Don't get too excited by stainless steel, it needs Oxygen to 'work' and so when it's in a damp airless hole it's still going to rust. It's also prone to 'galling' which means that the threads get a roughness that makes them harder to do up and undo once they've been used a bit. Granted, the outside will always look better though, and the rust won't be as bad as other steels.

I have used an anti gall and anti corrosion paste on assembly. A2 will still rust, but A4 is “marine grade” and won’t rust.
 
I have used an anti gall and anti corrosion paste on assembly. A2 will still rust, but A4 is “marine grade” and won’t rust.

A4 rusts in the holes in me boat... it's good, but it ain't perfect! Anti gall paste is a vv good idea though. I had some horribly galled nuts to move at the weekend and was really surprised that the 20/50 I had in the oil can improved it enormously. I didn't expect that.
 
Thats a bit good using stainless everywhere.
I just struggle when its time to unbolt things because of a bit of corrosion.
Don't think the Landy needs blinging but there are some places where a s/s bolt would be better.
8.8 = 800N/mm2 tensile strength with a yield point at 80% of that (640N/mm2)
The s/s 80 is presumably the same but I dont use them.

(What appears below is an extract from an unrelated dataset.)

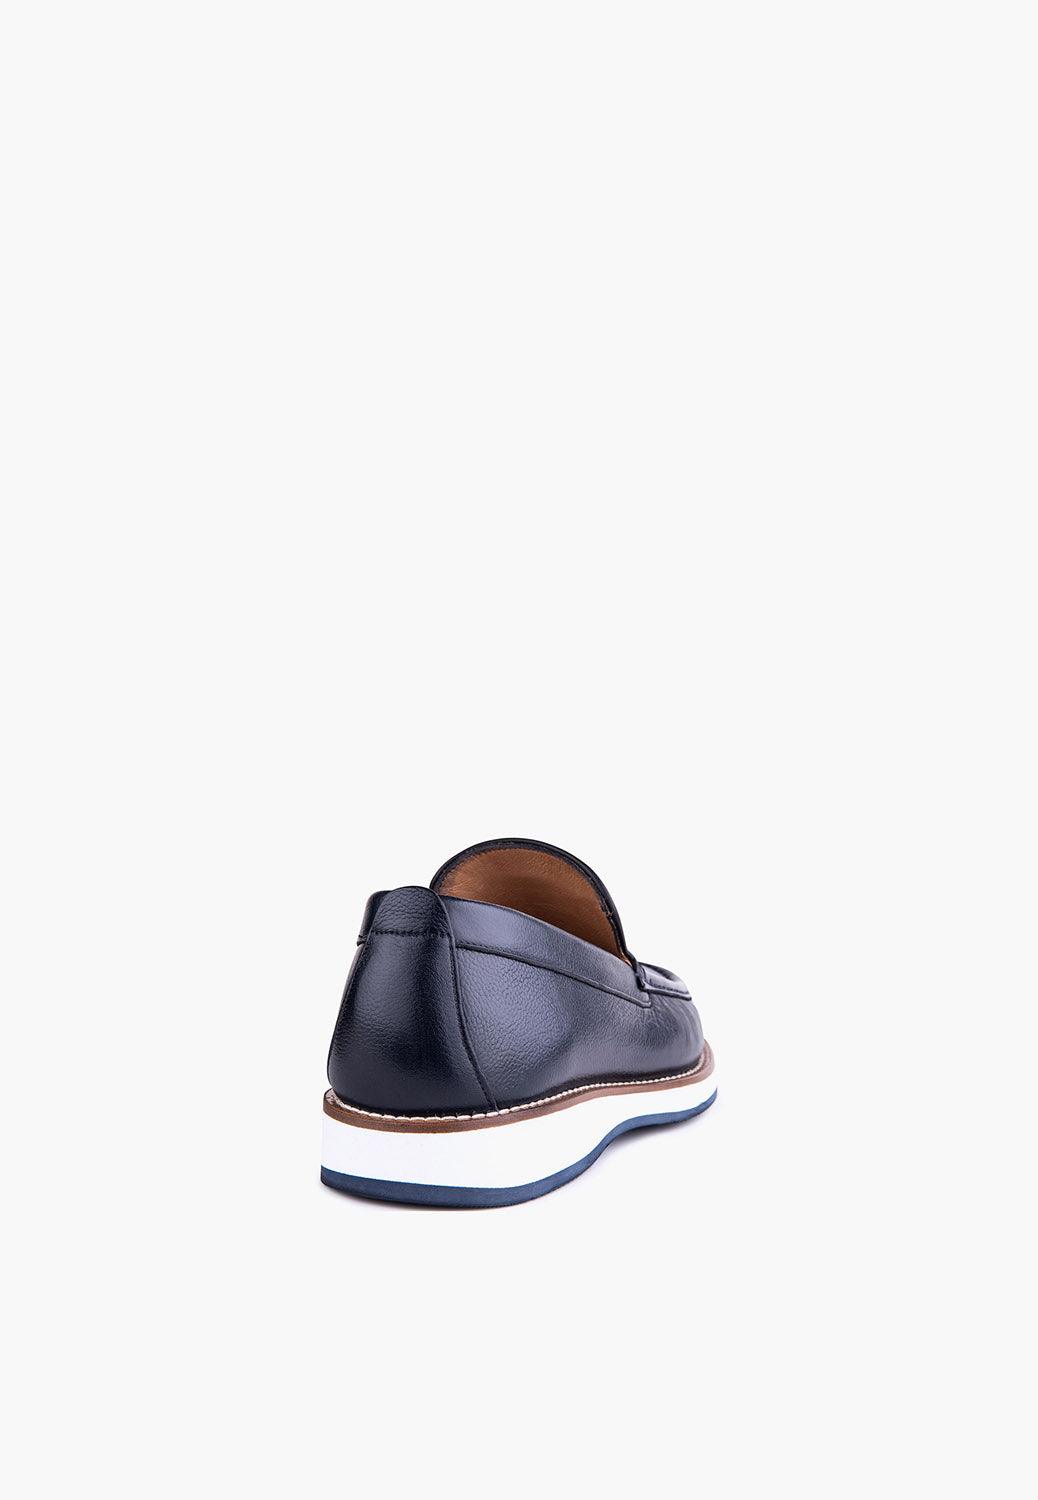 Voyage Loafer Navy - SEPOL Shoes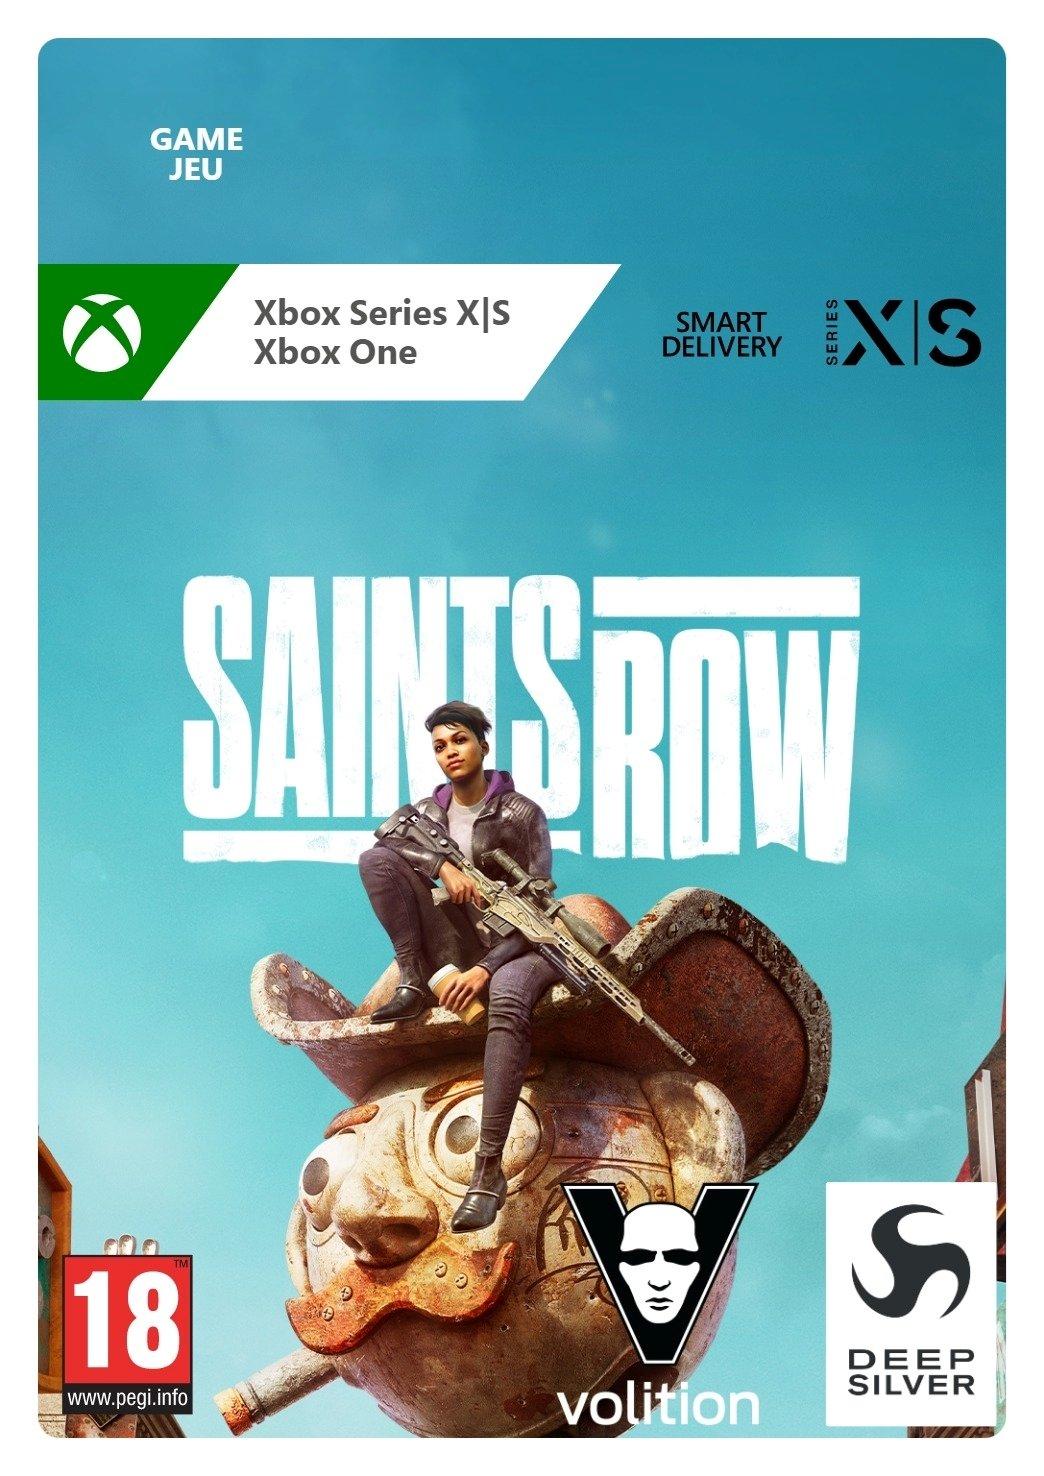 Saints Row - Xbox Series X/Xbox One - Game | G3Q-01259 (83c8f60f-a5dc-6e4f-9a4b-803d5029bbe6)

Agreed, a little overkill in parts, but I had so many knocking about, can't use them for much else. Ta for the info.
 
Don't get too excited by stainless steel, it needs Oxygen to 'work' and so when it's in a damp airless hole it's still going to rust. It's also prone to 'galling' which means that the threads get a roughness that makes them harder to do up and undo once they've been used a bit. Granted, the outside will always look better though, and the rust won't be as bad as other steels.
Yeh I heard that, in the areas I used A4-80 I used A2-70 nylock nuts as I read this helps prevent the 'galling' effect. Whether that's true or not, no idea.